What you will do
You are asked to reproduce the listing exactly and to omit its pictures.

**** Data shown ****

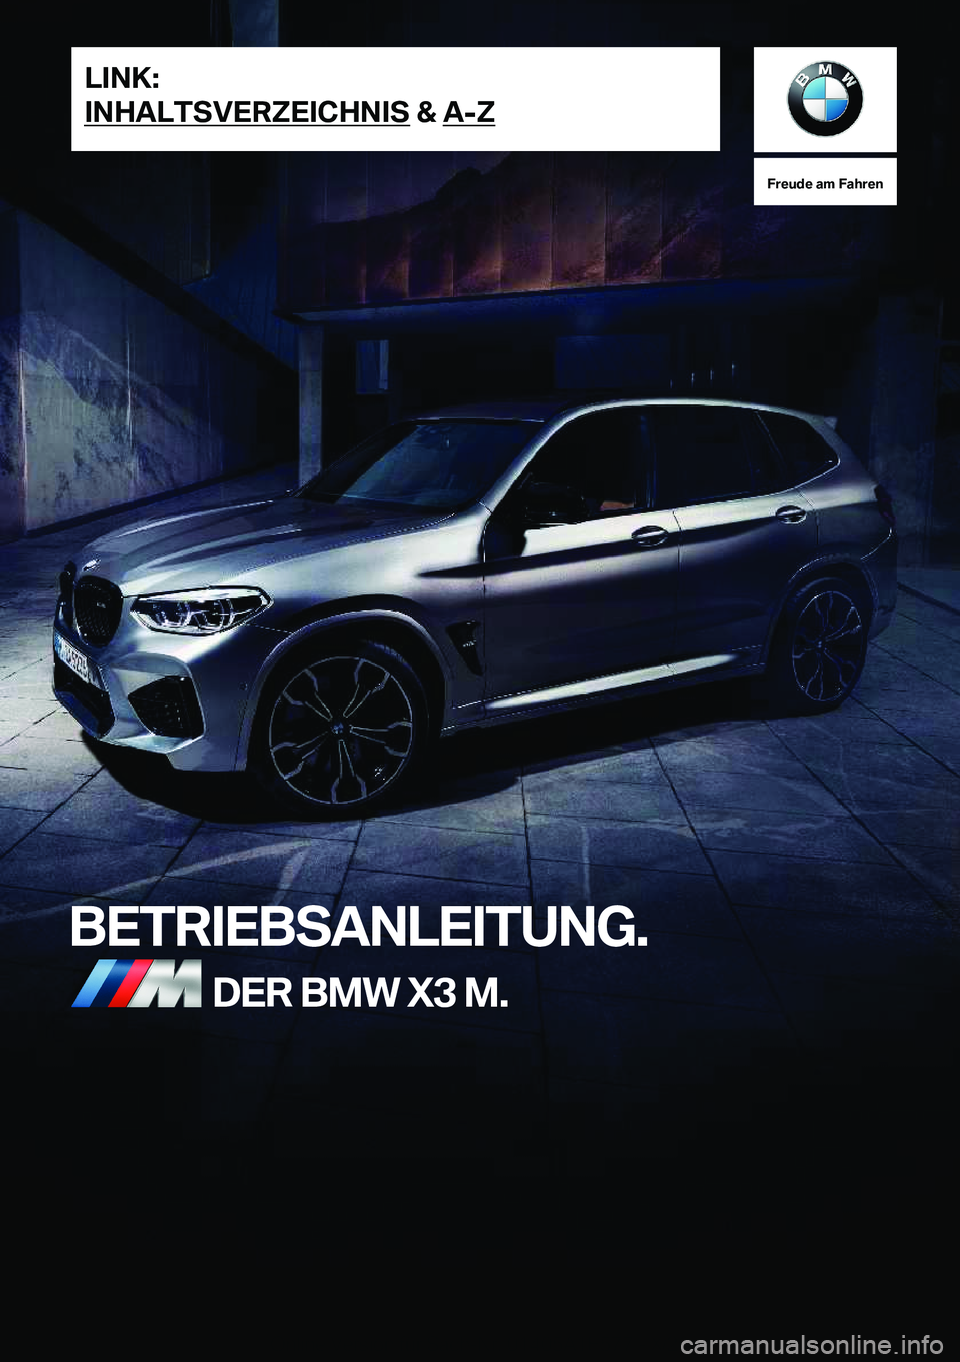 BMW X3 M 2021  Betriebsanleitungen (in German) �F�r�e�u�d�e��a�m��F�a�h�r�e�n
�B�E�T�R�I�E�B�S�A�N�L�E�I�T�U�N�G�.�D�E�R��B�M�W��X�3��M�.�L�I�N�K�:
�I�N�H�A�L�T�S�V�E�R�Z�E�I�C�H�N�I�S��&��A�-�Z�O�n�l�i�n�e��V�e�r�s�i�o�n��f�

****

Solution to this exercise
 BMW X3 M 2021  Betriebsanleitungen (in German) �F�r�e�u�d�e��a�m��F�a�h�r�e�n
�B�E�T�R�I�E�B�S�A�N�L�E�I�T�U�N�G�.�D�E�R��B�M�W��X�3��M�.�L�I�N�K�:
�I�N�H�A�L�T�S�V�E�R�Z�E�I�C�H�N�I�S��&��A�-�Z�O�n�l�i�n�e��V�e�r�s�i�o�n��f�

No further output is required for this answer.